When a bunch of individualists disagree on a huge issue, you're going to get heated, strongly-opinionated discussion. (Whichever side is in error.)

I'm glad you brought this up. In calling for civility, I'm not arguing against "passion." You don't know me in real life -- you have nothing to go on for this except my word -- but I'm a passionate guy. Even when I haven't lost my temper, when I'm talking about anything I care about, I get animated. I admire "heat" in that sense. And strong opinions? Absolutely.

But there's still a way of talking to people that I consider, not just "polite," but as I've explained important to valuable conversation. And where passion is concerned, I believe that we are capable of focusing and using that passion when choosing how we respond to a given situation.

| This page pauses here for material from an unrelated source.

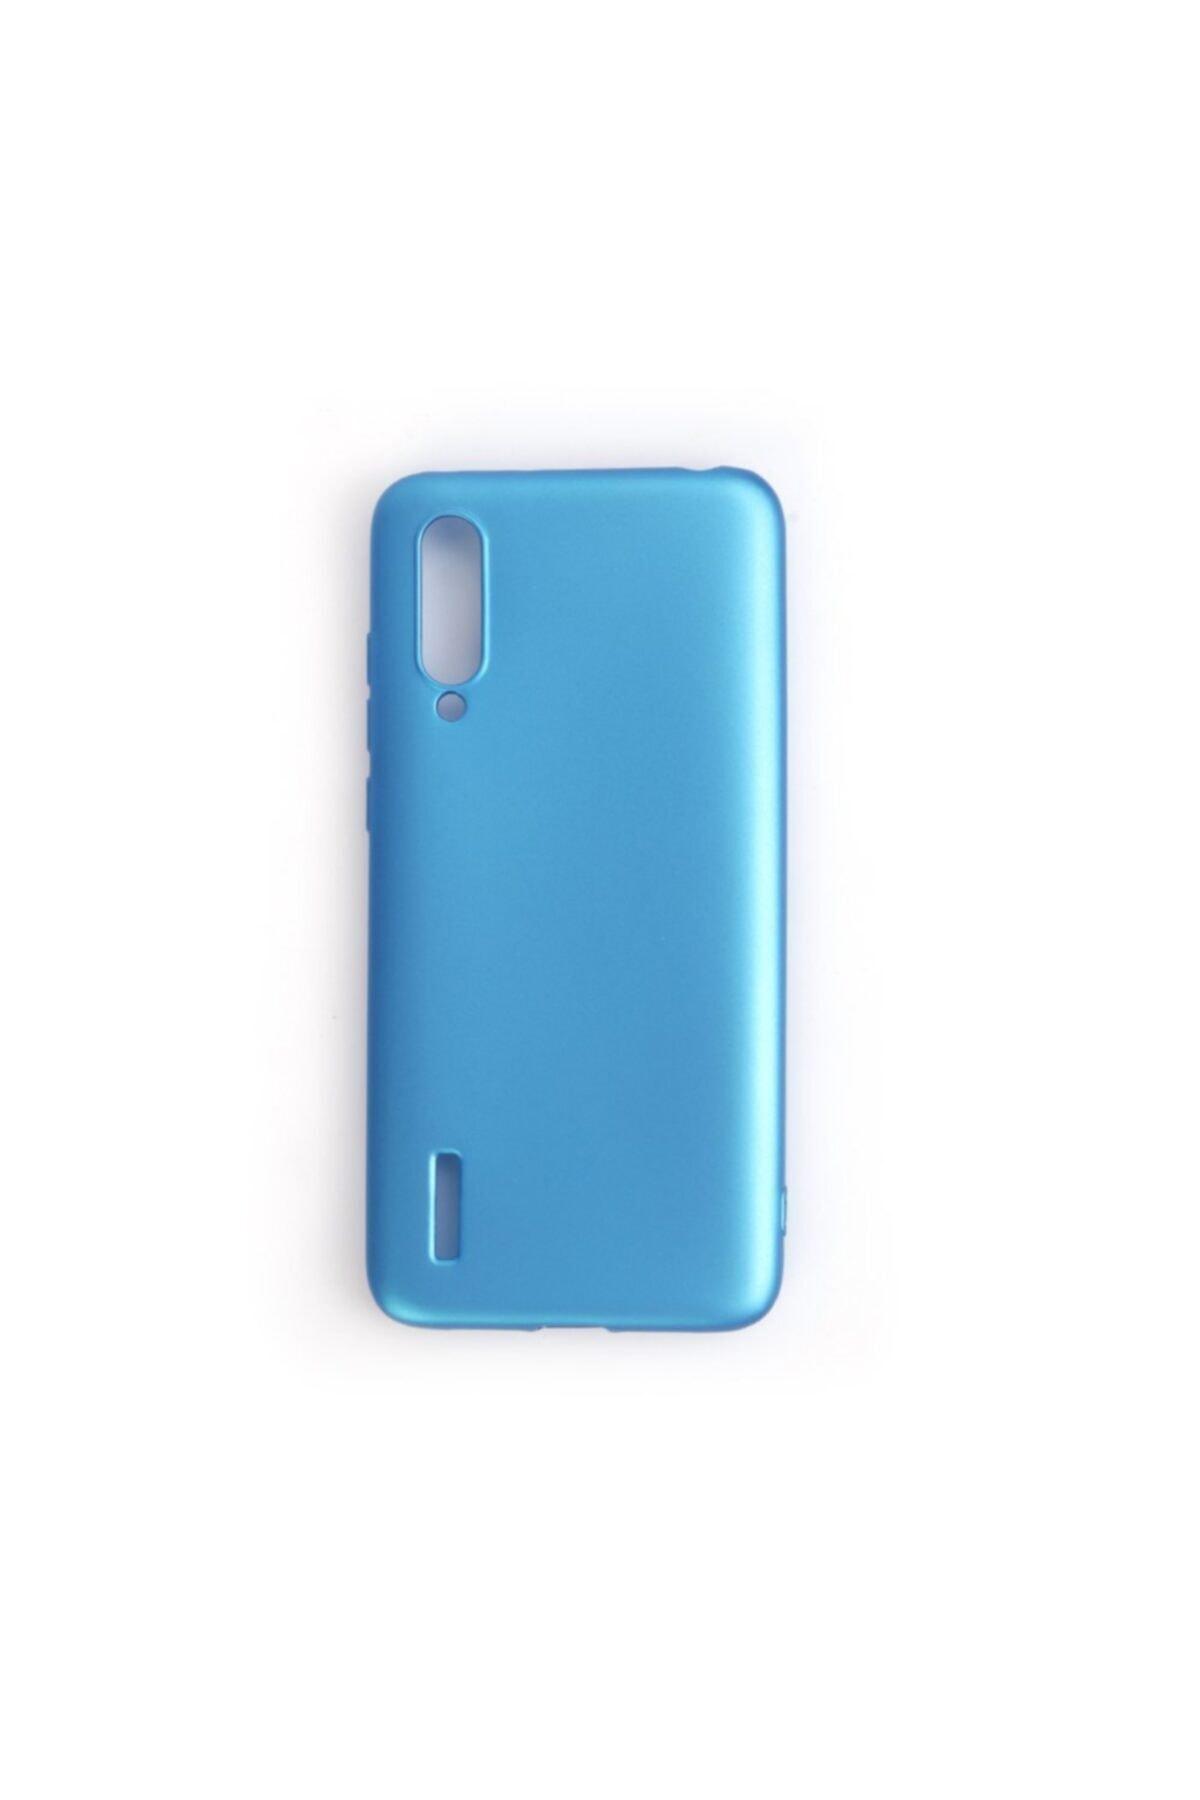 Zengin Çarşım Xiaomi Mi 9 - Mi 9 Lite Yumuşak Silikon Kılıf Mavi 1

For instance, imagine that right now I believe that you are wrong on this topic that we're currently discussing. Imagine that I feel this strongly, passionately, that I'm "heated" on the subject. I still am master of how I choose to express my disagreement. (And how much more so, given that I'm typing this, and have the power to craft my response?) It's not that I would disagree with you any less, or be prevented from expressing my disagreement to you clearly, should I opt for "civility." Note these differences in possible phrasing:

1) You're wrong about this, and here are the reasons why:

2) This is a ridiculous notion. You should know why already, but if I have to spell it out for you:

3) You're ridiculous. I shouldn't even bother trying to explain since it's so obvious -- you're being intentionally obtuse. But in case anyone reading this isn't completely dense, they can consider that:

This is all I'm really talking about. This is a choice that we make, and I think that #1 is the right one for this forum. #1 isn't exactly bending itself over backwards to be nice and circumspect. It's direct -- blunt, even, and I'm not proposing it as the one and only "guide to civilized style," but I'd still take it head and shoulders over #2 and #3. And yet I believe that I see #'s 2 and 3, or their spiritual cousins if not verbatim, time and again, derailing potentially productive conversations and scaring away who knows how many would-be contributors of value.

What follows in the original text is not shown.